Mills believes there are several reasons why Osiris is in an advantageous position to develop medical applications for stem cells: Their cells are adult-derived, so they are able to avoid the controversy over using embryonic stem cells; they are able to take one donor’s stem cells and grow them in culture to yield several thousand doses; their preparations are easy to use, usually only requiring an injection; they can be frozen for years and are easily stored; and they are universally compatible.
“Our cells don’t need to be matched; anyone can contribute to anyone. There is no immune response or rejection so there’s no need for immune suppression,” Mills said.
Another company investigating stem cells for musculoskeletal medicine is Genzyme, the developer of Carticel, the autologous cultured chondrocytes for cartilage repair. Genzyme is working to develop ways to use allogenic and autologous stem cells for cartilage and meniscal repair, said Ross Tubo, PhD, the company’s vice president of orthopedic research and stem cell biology. Research is now at the animal stage, and it will likely be another few years before the company enters clinical trials, he said.
Research continuing
Other researchers who have had success in harnessing the power of stem cells have taken a step back to do more basic science work. In 2001, the New England Journal of Medicine published a letter from Ranieri Cancedda, MD, describing what he believes were the first patients ever treated with a polyceramic loaded with autologous bone marrow stromal cells for large bone defects.
|
The three patients are now five years out and have had excellent results, said Cancedda, dean of biotechnology at the University of Genoa and chair of innovative therapies at the Cancer Institute at Genoa.
Cancedda told Orthopedics Today that the hydroxyapatite scaffold used in the three patients had a porosity of about 60%, which was the standard at that time. While the scaffold was effective because it promoted bone growth, it was not resorbable and still remains in the patients. Another problem is that the density of the scaffold interfered with radiographic follow up to assess bone formation.
Cancedda and his colleagues have been investigating a number of newer scaffolds that are engineered to resorb more quickly. They have used animal models to investigate the repair of 4-cm defects in the mid-diaphysis of the tibia and are now running a major clinical trial in collaboration with the AO.
“We already have data from a sheep study that we are preparing for publication where we are able to show that within two years, the scaffold has completely resorbed and only bone has formed. This, I think, is a major advance in the field and we are waiting to complete this large preclinical trial with all the results to move this into the clinic.”
In the United States, Caplan is working with colleagues to develop a model for ligament and tendon repair. “The ligament and tendon are real nightmares because these are tissues that are hugely loaded and if you have impaired loading, you won’t get normal regeneration of those tissues.”

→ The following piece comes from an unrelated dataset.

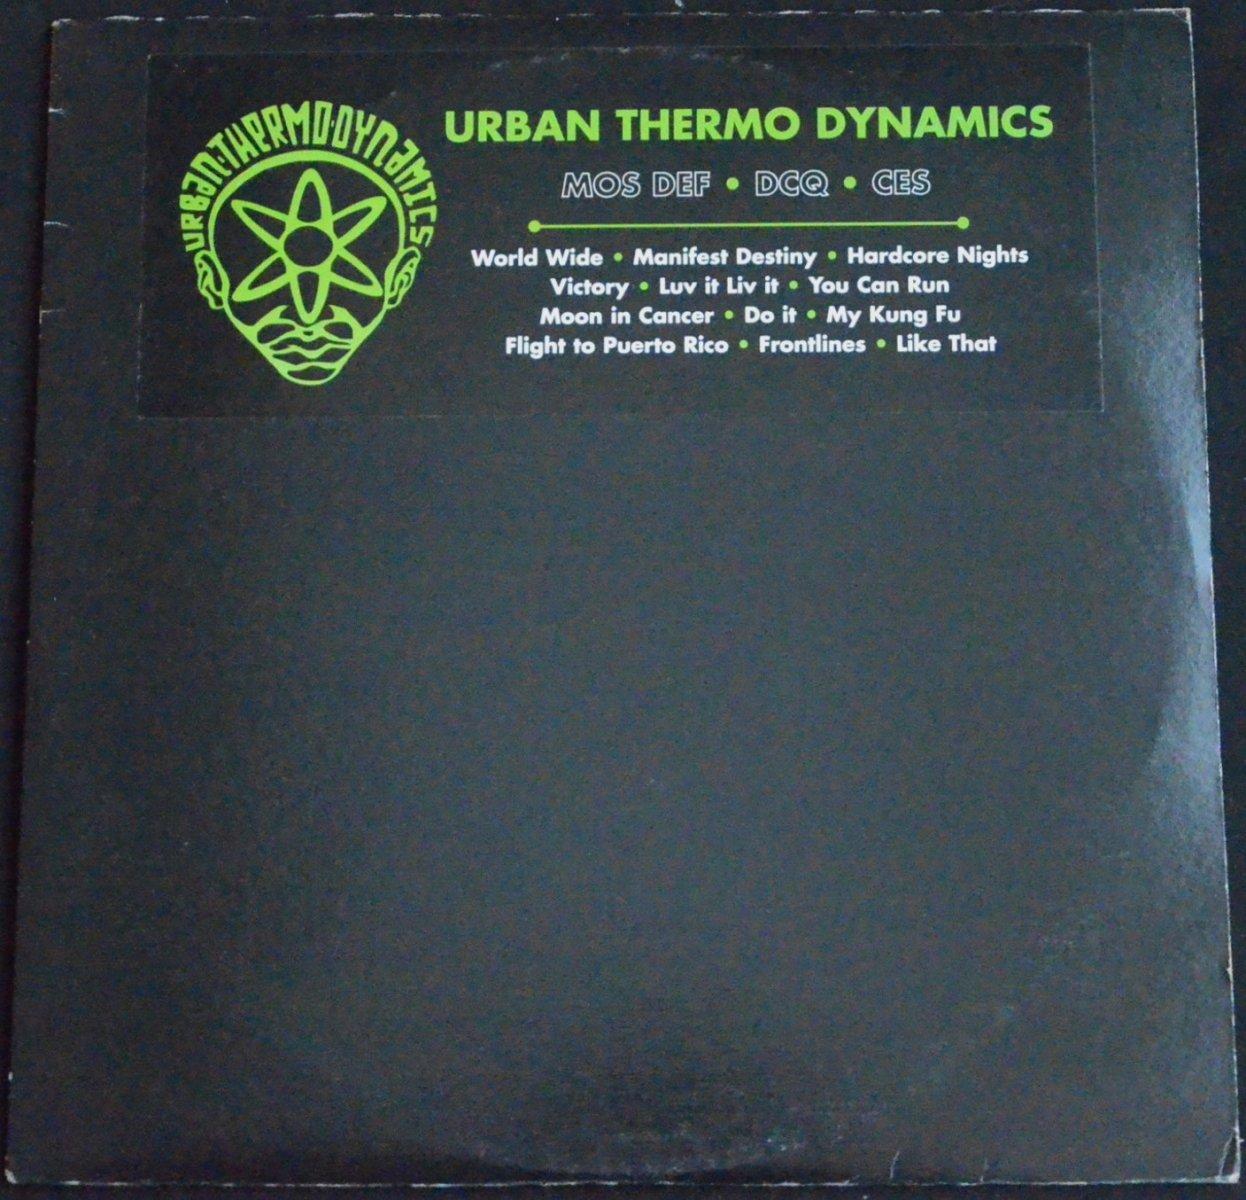 U.T.D. (URBAN THERMO DYNAMICS) / URBAN THERMO DYNAMICS (MOS DEF,DCQ,CES) (2LP)

They are searching for a natural tissue that will integrate into the tendon or ligament and allow the stem cells to differentiate along the proper pathway. Caplan said they began identifying the optimal delivery scaffold.

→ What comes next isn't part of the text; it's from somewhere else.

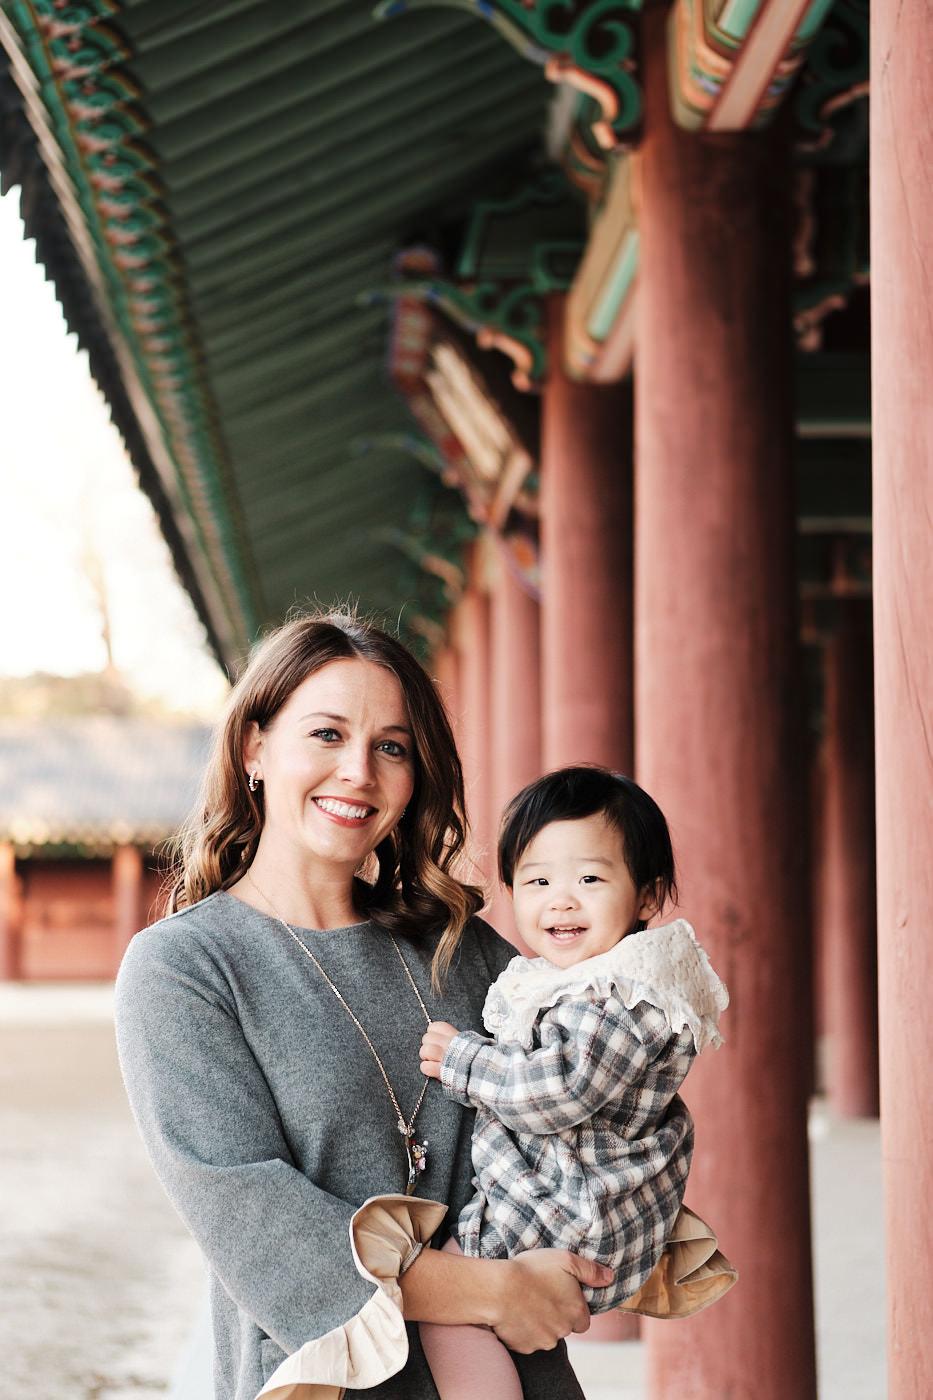 Venneman Family Photoshoot - Changdeokgung

“The proof of concept that these cells can be used in a variety of situations is, I think, available, but the development of the delivery vehicles and the surgical techniques to use them is still in the developmental phase,” he said.
Arnold Caplan and Randy Mills have financial interests in a product mentioned in this article. Mills and Scott Bruder are paid consultants for two different companies mentioned in this article.